WHAT YOU SHOULD DO |
From the records below, output exactly the lines running from the line containing "GFA 24/53.1181: Nicholls moulding machine" through the line containing "Cuchillo Tactico con Pedernal K25 Coyote", and no others.

(Beginning of STORED DATA)

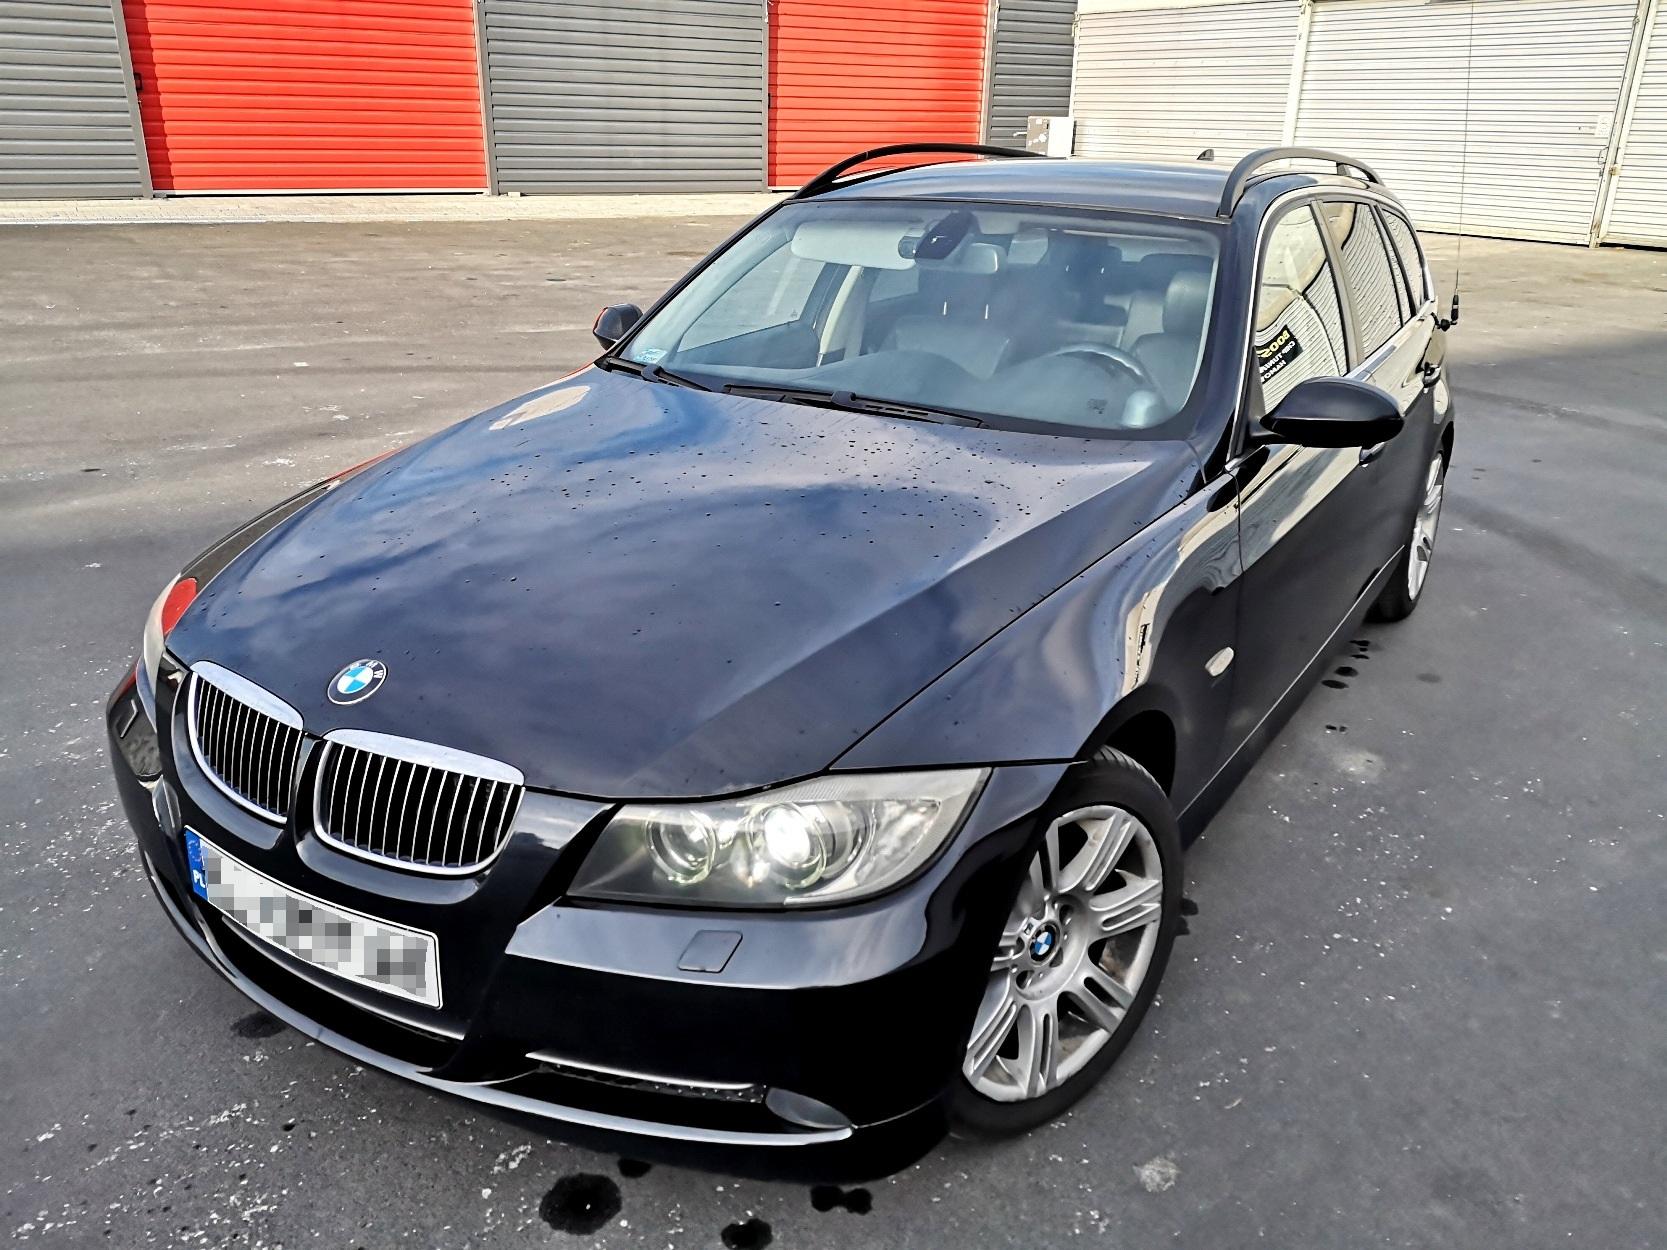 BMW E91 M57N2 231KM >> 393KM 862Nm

(End of STORED DATA)
(Beginning of STORED DATA)

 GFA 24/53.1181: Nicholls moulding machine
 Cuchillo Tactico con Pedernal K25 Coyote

(End of STORED DATA)

RESULT BELOW |
 GFA 24/53.1181: Nicholls moulding machine
 Cuchillo Tactico con Pedernal K25 Coyote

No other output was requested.